Available Connectors:
  🏢 CBP  - County Business Patterns
  👥 LEHD - Longitudinal Employer-Household Dynamics
  📈 FRED - Federal Reserve Economic Data
  💼 BLS  - Bureau of Labor Statistics
  💰 BEA  - Bureau of Economic Analysis


## 2. Initialize Connectors

All connectors will automatically detect API keys from environment variables.

In [None]:
# Initialize all connectors (with error handling for missing API keys)
import os
from krl_data_connectors import find_config_file

# Load API keys from config file if not in environment
config_path = find_config_file('apikeys')
if config_path:
    print(f"📁 Loading API keys from: {config_path}")
    with open(config_path, 'r') as f:
        for line in f:
            line = line.strip()
            if 'BEA API KEY:' in line and not os.getenv('BEA_API_KEY'):
                os.environ['BEA_API_KEY'] = line.split(':', 1)[1].strip()
            elif 'FRED API KEY:' in line and not os.getenv('FRED_API_KEY'):
                os.environ['FRED_API_KEY'] = line.split(':', 1)[1].strip()
            elif 'BLS API KEY:' in line and not os.getenv('BLS_API_KEY'):
                os.environ['BLS_API_KEY'] = line.split(':', 1)[1].strip()
            elif 'CENSUS API:' in line and not os.getenv('CENSUS_API_KEY'):
                os.environ['CENSUS_API_KEY'] = line.split(':', 1)[1].strip()
else:
    print("⚠️  No config file found. Checking environment variables...")
    print("   Create config file at one of:")
    print("   - ~/.krl/apikeys")
    print("   - ~/KR-Labs/Khipu/config/apikeys")
    print("   - ./config/apikeys")

# Initialize connectors (no API key required for these)
cbp = CountyBusinessPatternsConnector()
lehd = LEHDConnector()

# Initialize API-based connectors
fred = FREDConnector() if os.getenv('FRED_API_KEY') else None
bls = BLSConnector() if os.getenv('BLS_API_KEY') else None

# BEA requires API key - handle gracefully if missing
try:
    bea = BEAConnector() if os.getenv('BEA_API_KEY') else None
except ValueError as e:
    print(f"⚠️  BEA connector requires API key: {e}")
    bea = None

# Check API key status
print("\nConnector Status:")
print("="*80)

connectors = [
    ("CBP", cbp, False),
    ("LEHD", lehd, False),
    ("FRED", fred, True),
    ("BLS", bls, True),
    ("BEA", bea, True),
]

for name, connector, requires_key in connectors:
    if connector is None and requires_key:
        print(f"⚠️  {name:6s}: Not initialized (API key required)")
        continue
    elif connector is None:
        print(f"❌ {name:6s}: Failed to initialize")
        continue
    
    has_key = "✅" if getattr(connector, 'api_key', None) else "✅" if not requires_key else "⚠️"
    if hasattr(connector, 'api_key') and connector.api_key:
        key_info = f"{connector.api_key[:10]}..."
    else:
        key_info = "No key required" if not requires_key else "No key (limited functionality)"
    print(f"{has_key} {name:6s}: {key_info}")

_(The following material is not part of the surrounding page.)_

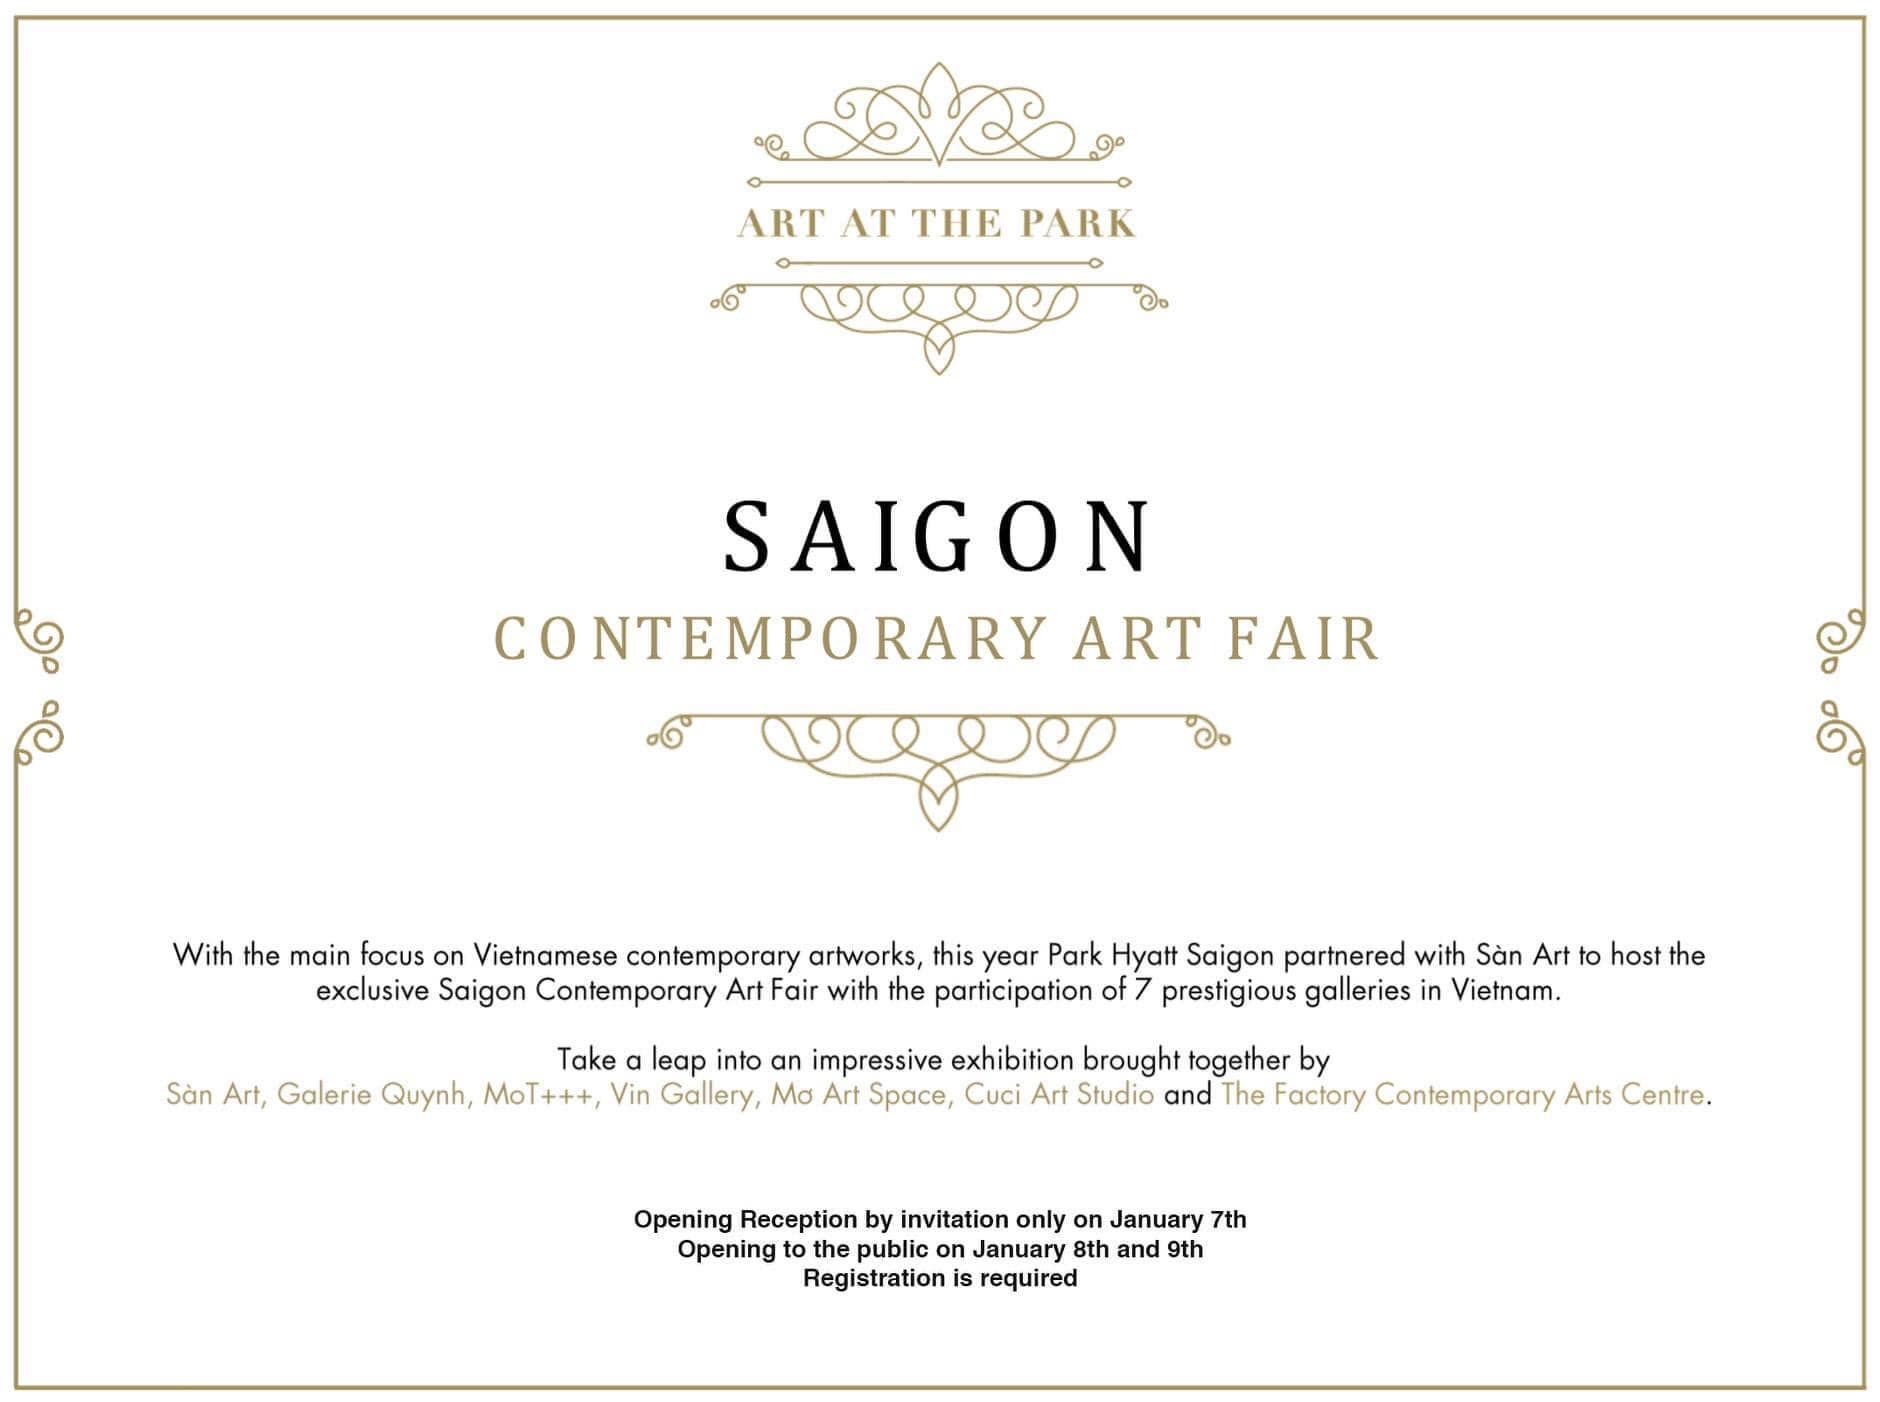 Saigon Contemporary Art Fair
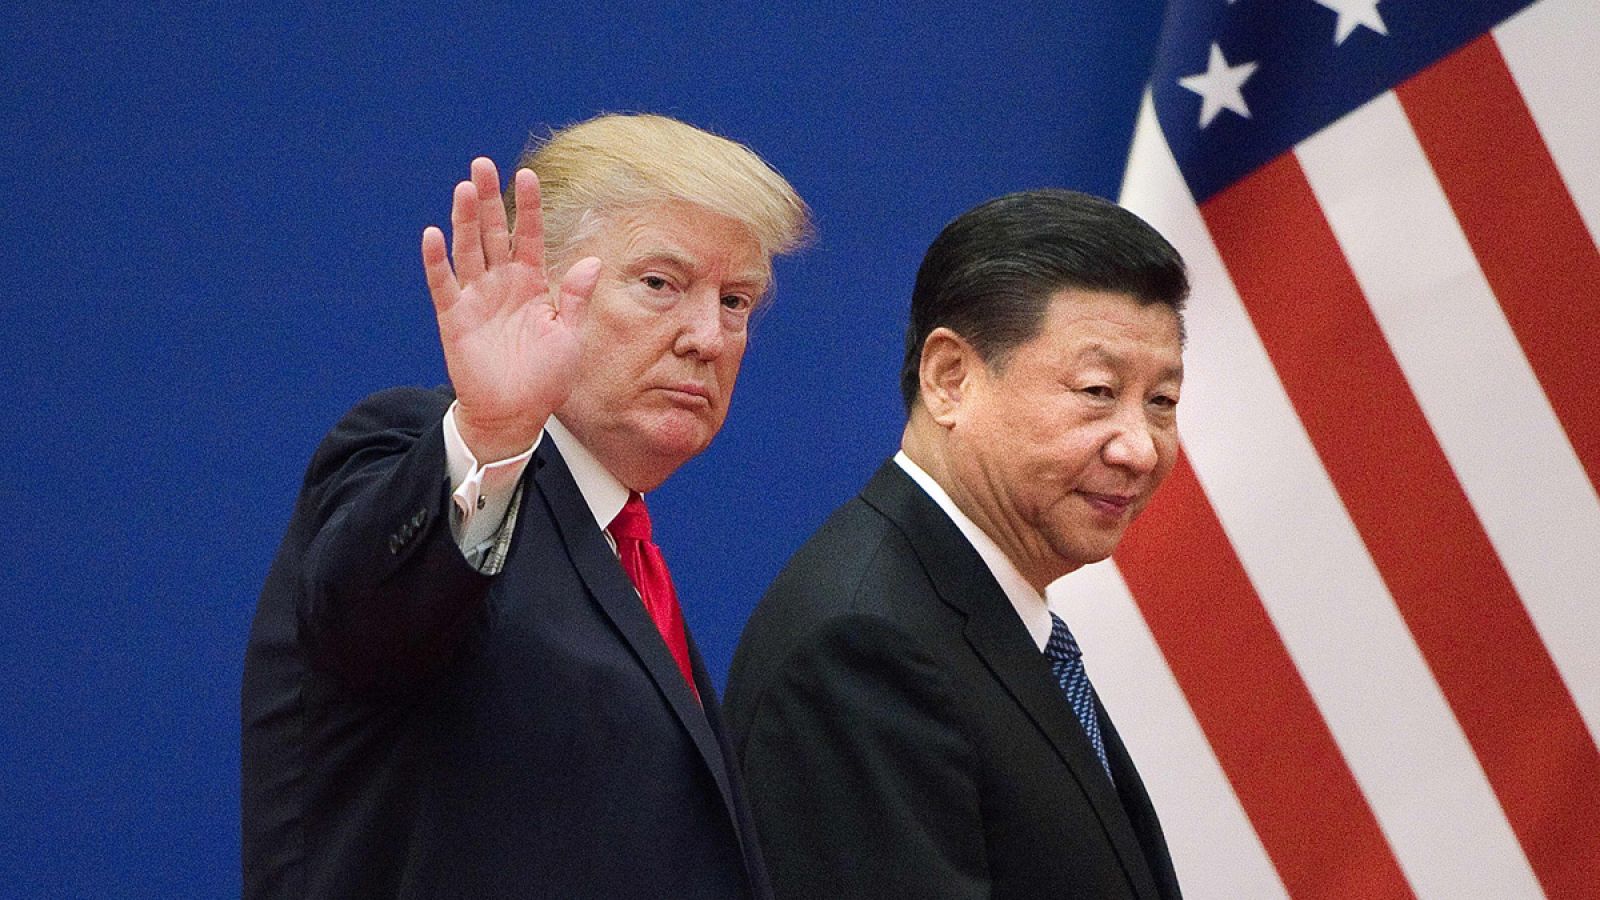 El presidente estadounidense amenaza con aplicar aranceles a China si no se reúne con Xi en el G20

if not bea or not fred or not bls:
    print("\n💡 To enable all connectors, register for free API keys:")
    if not bea:
        print("   • BEA:  https://apps.bea.gov/api/signup/")
    if not fred:
        print("   • FRED: https://fred.stlouisfed.org/docs/api/api_key.html")
    if not bls:
        print("   • BLS:  https://www.bls.gov/developers/home.htm")

{"timestamp": "2025-10-19T20:57:51.292491Z", "level": "INFO", "name": "CountyBusinessPatternsConnector", "message": "Connector initialized", "source": {"file": "base_connector.py", "line": 82, "function": "__init__"}, "levelname": "INFO", "taskName": "Task-19", "connector": "CountyBusinessPatternsConnector", "cache_dir": "~/.krl_cache", "cache_ttl": 3600, "has_api_key": true}
{"timestamp": "2025-10-19T20:57:51.292821Z", "level": "INFO", "name": "CountyBusinessPatternsConnector", "message": "Initialized County Business Patterns connector", "source": {"file": "cbp_connector.py", "line": 81, "function": "__init__"}, "levelname": "INFO", "taskName": "Task-19"}
{"timestamp": "2025-10-19T20:57:51.293469Z", "level": "INFO", "name": "LEHDConnector", "message": "Connector initialized", "source": {"file": "base_connector.py", "line": 82, "function": "__init__"}, "levelname": "INFO", "taskName": "Task-19", "connector": "LEHDConnector", "cache_dir": "~/.krl_cache", "cache_ttl": 3600, "has_api_key"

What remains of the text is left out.